*DATASET EXCERPT*
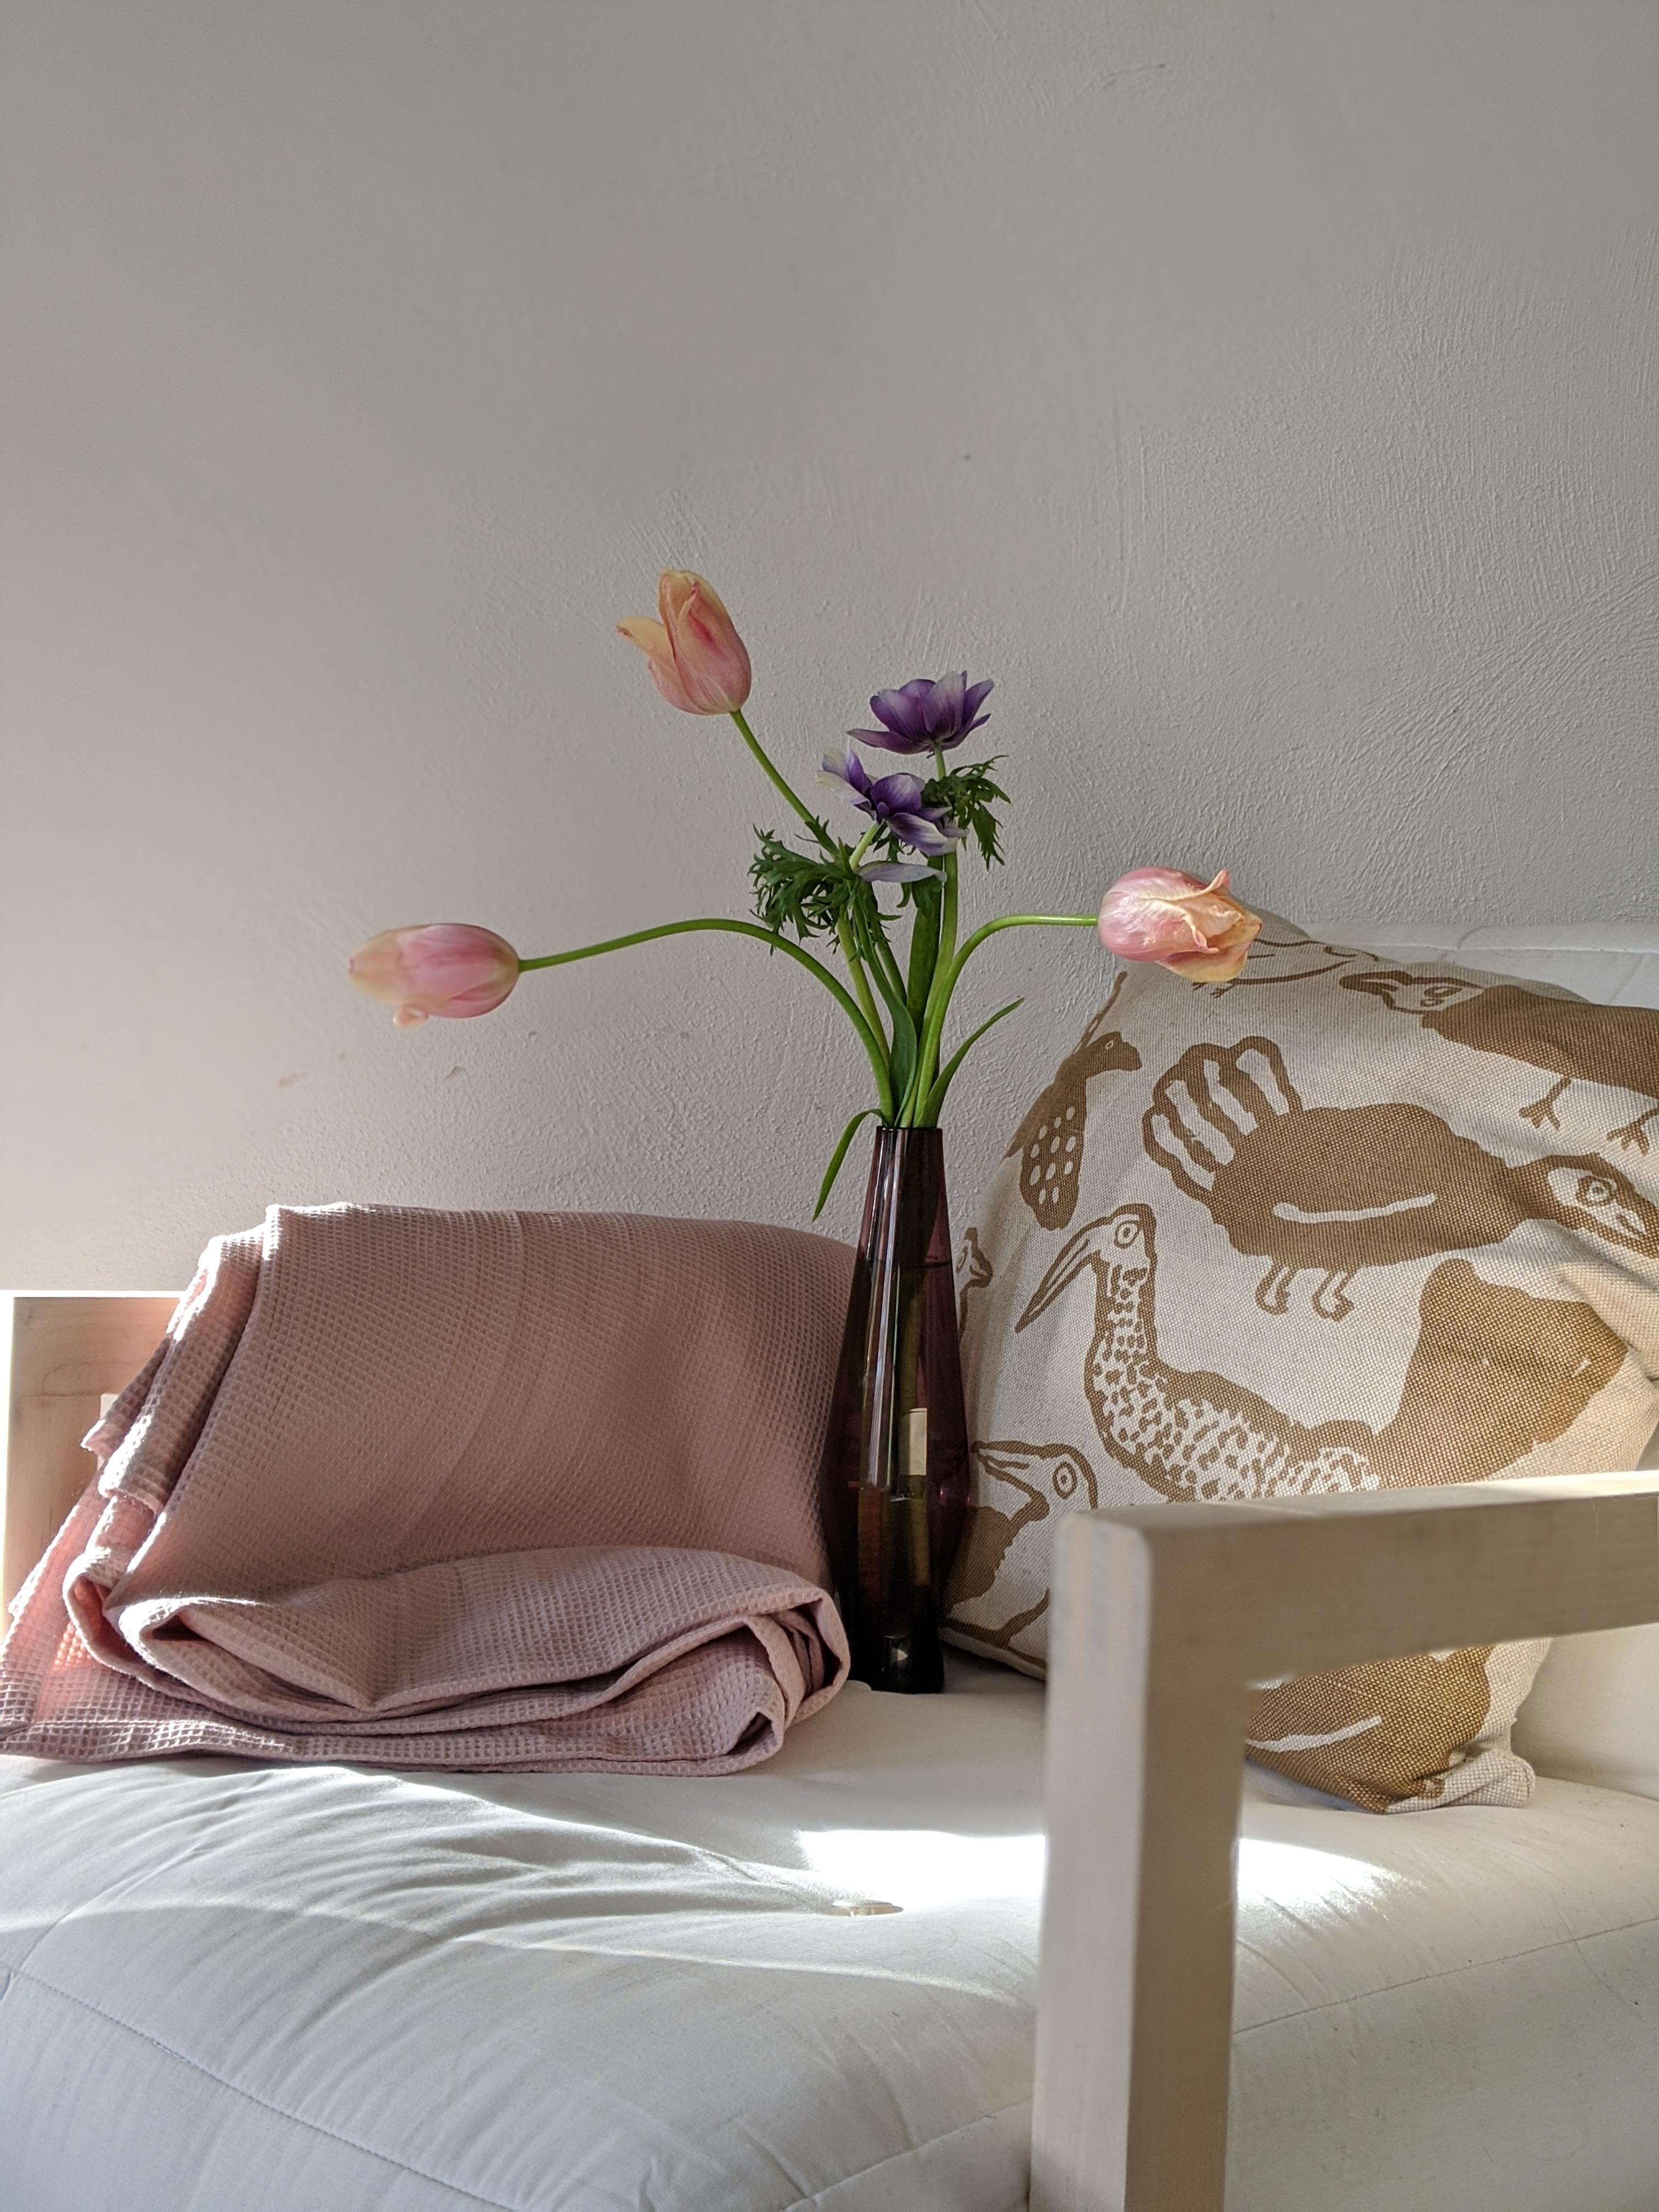 Frühlingsblumen sind eingezogen und eine wunderschöne Vintage Vase. #livingroom #vintage #blunenliebe #home #wohnzimmer 
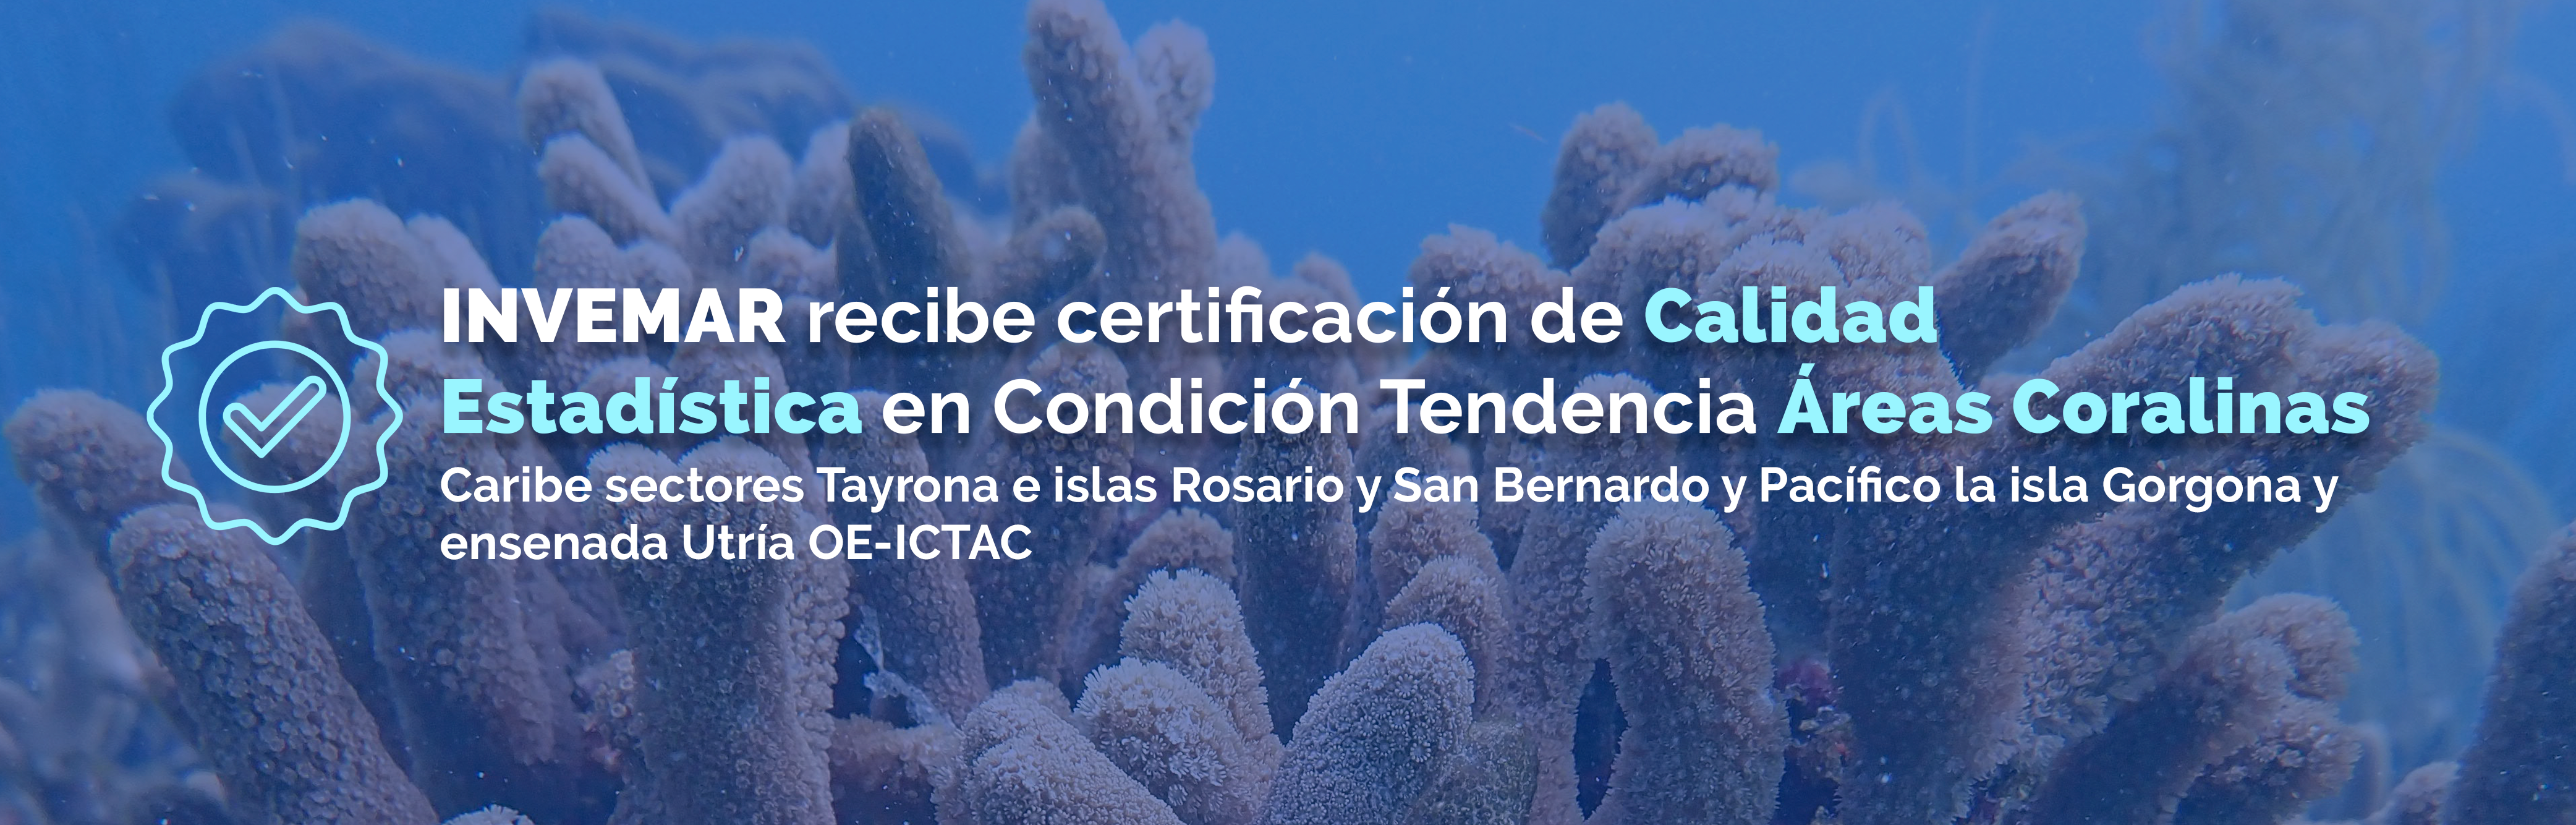 INVEMAR recibe certificación de Calidad Estadística en Condición Tendencia Áreas Coralinas
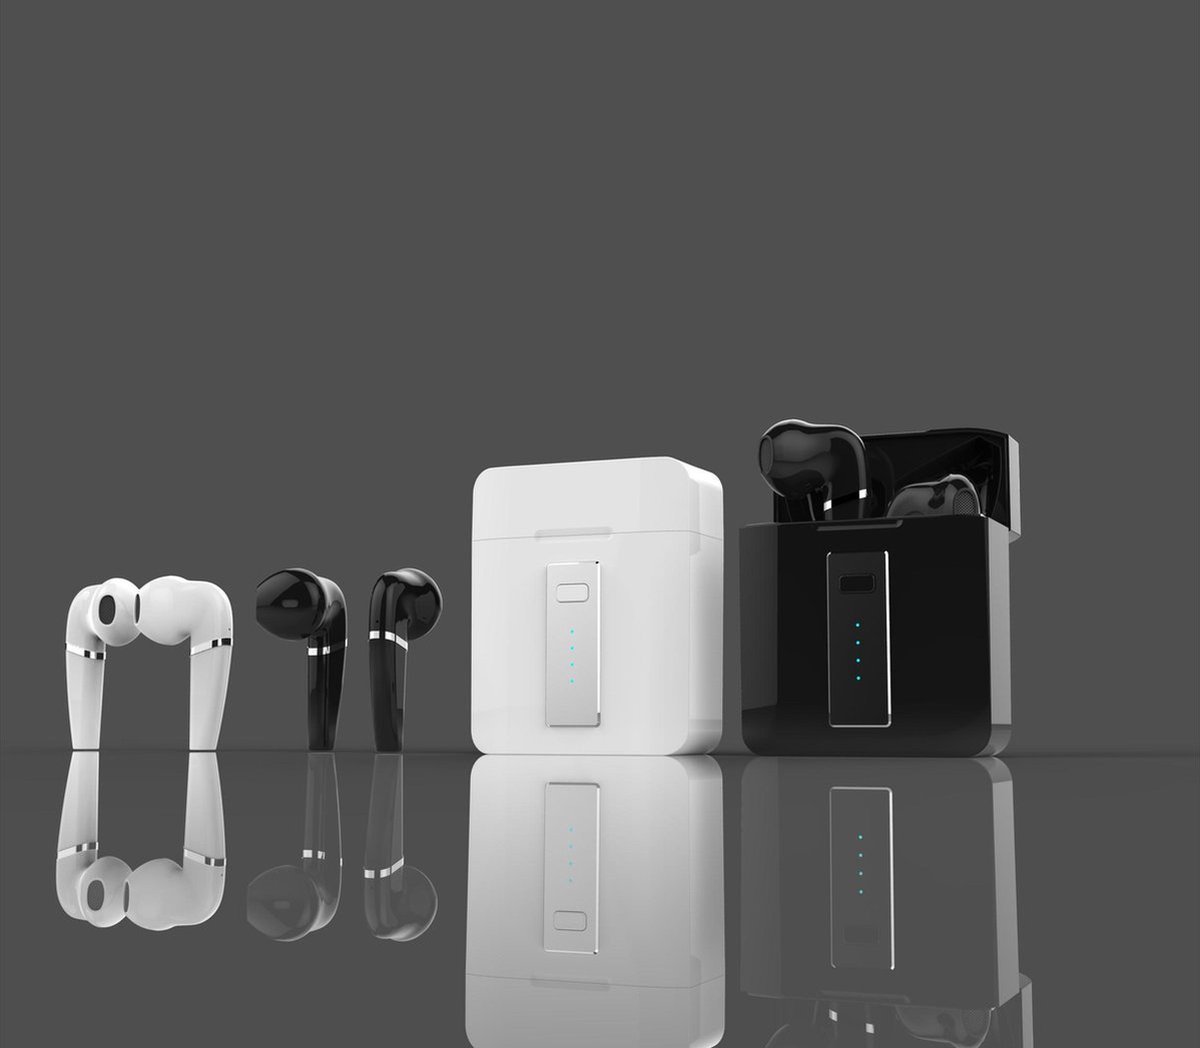 MF-03 Bluetooth oordopjes EarPods draadloos kraakhelder geluid Kleur Wit

*WORK ITEM*
Print the listing exactly, images excluded.

*RESPONSE TO THIS TASK*
 Frühlingsblumen sind eingezogen und eine wunderschöne Vintage Vase. #livingroom #vintage #blunenliebe #home #wohnzimmer 
 INVEMAR recibe certificación de Calidad Estadística en Condición Tendencia Áreas Coralinas
 MF-03 Bluetooth oordopjes EarPods draadloos kraakhelder geluid Kleur Wit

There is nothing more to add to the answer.